Clinically significant laboratory abnormalities, more frequently observed at doses exceeding 10 million IU per day, include decreased granulocyte and leukocyte counts; reduced hemoglobin levels and thrombocyte counts; increased serum alkaline phosphatase, LDH, serum creatinine, and blood urea nitrogen. Moderate, usually reversible pancytopenia has also been observed.
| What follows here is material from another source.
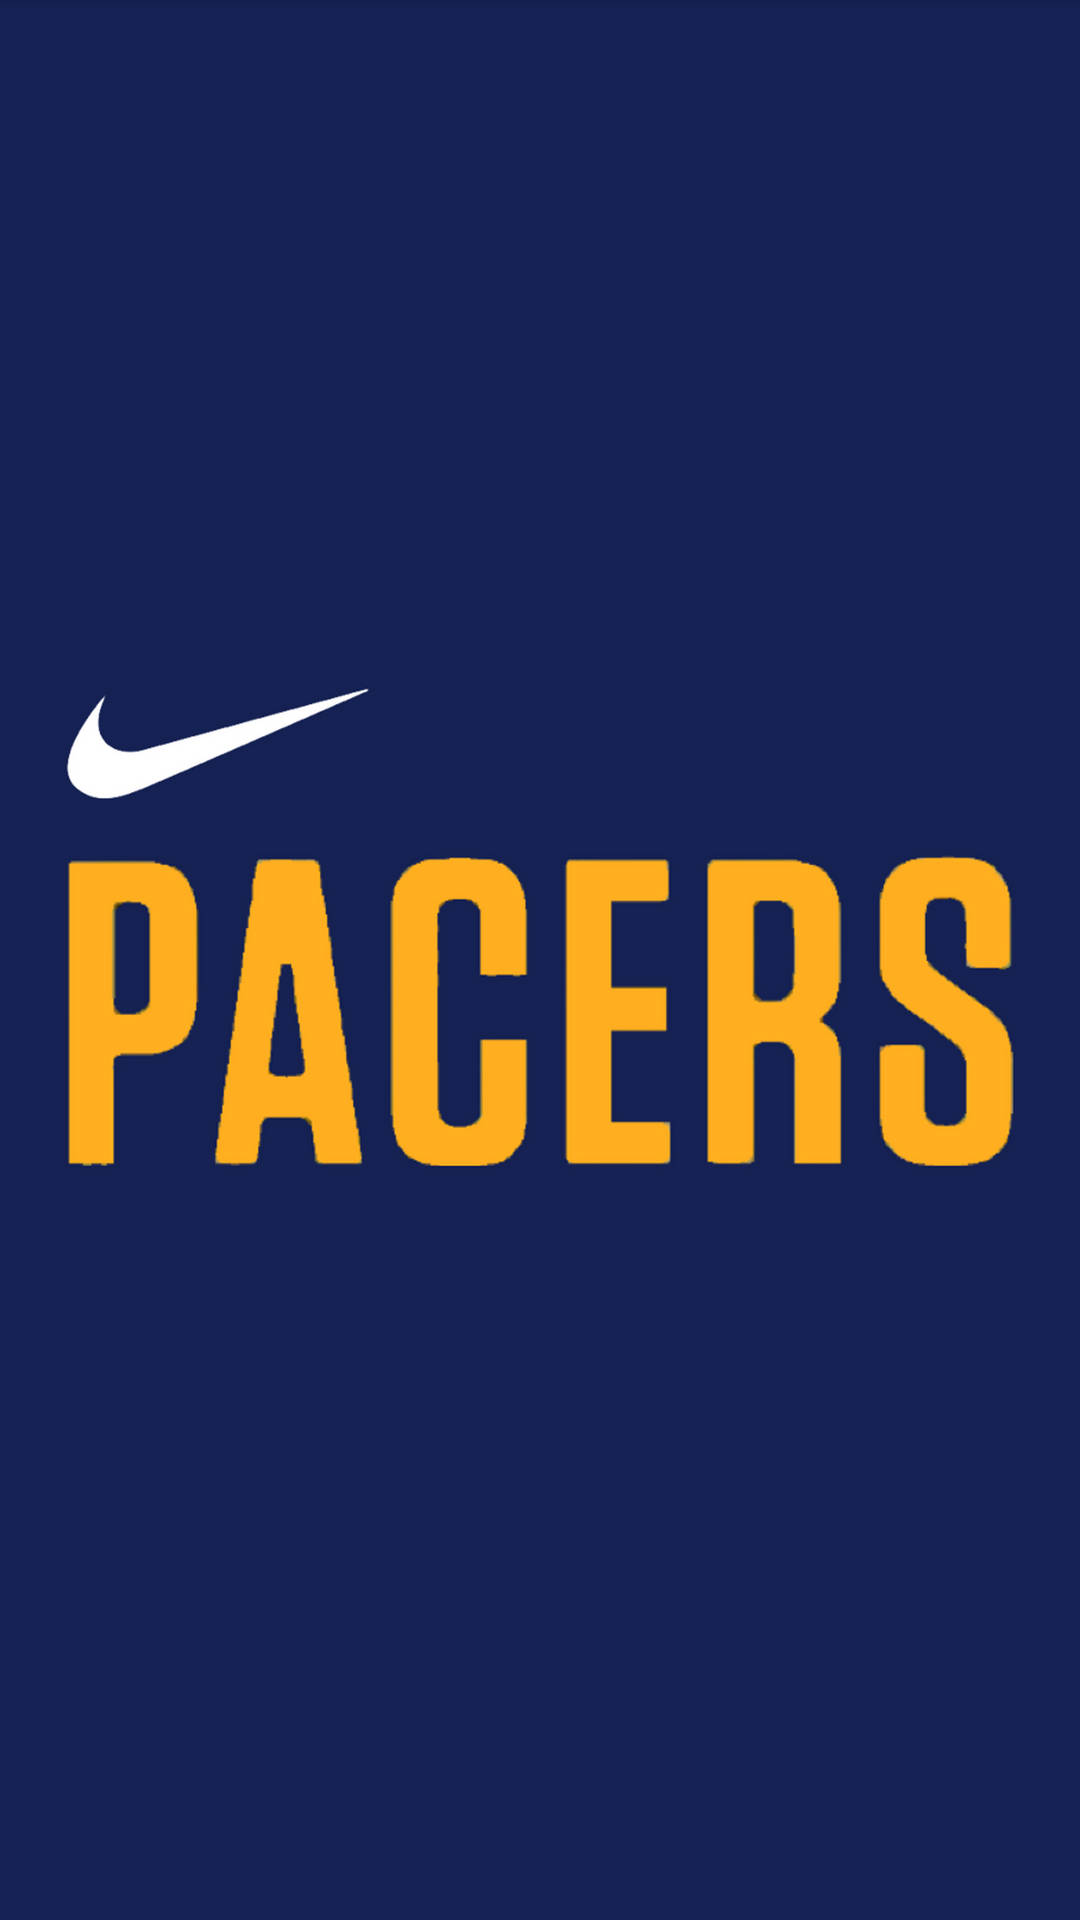 Indiana Pacers Nike swoosh logo wallpaper

Elevated ALT/AST levels as deviations from normal have been observed in some patients without hepatitis C, as well as in some patients with chronic hepatitis B, coinciding with clearance of viral DNA polymerase.

Shelf life. 3 years.

Storage conditions.

Store at 2°C to 8°C in a place inaccessible to children.

Packaging.

10 vials of lyophilisate with dosage of 1 million IU, 3 million IU, or 5 million IU in a cardboard box.

5 vials of lyophilisate with dosage of 1 million IU, 3 million IU, or 5 million IU, supplied with solvent (water for injections) 2 ml in 5 ampoules, in a cardboard box.

1 vial of lyophilisate with dosage of 3 million IU, 5 million IU, 6 million IU, 9 million IU, or 18 million IU, supplied with solvent (water for injections) 2 ml in 1 ampoule, in a cardboard box.

Prescription status. Prescription only.

Manufacturer.

LLC "Scientific and Production Company "Interpharmbiotech".

Manufacturer's address and place of business.

150 Zabolotnoho Street, Kyiv, 03143, Ukraine.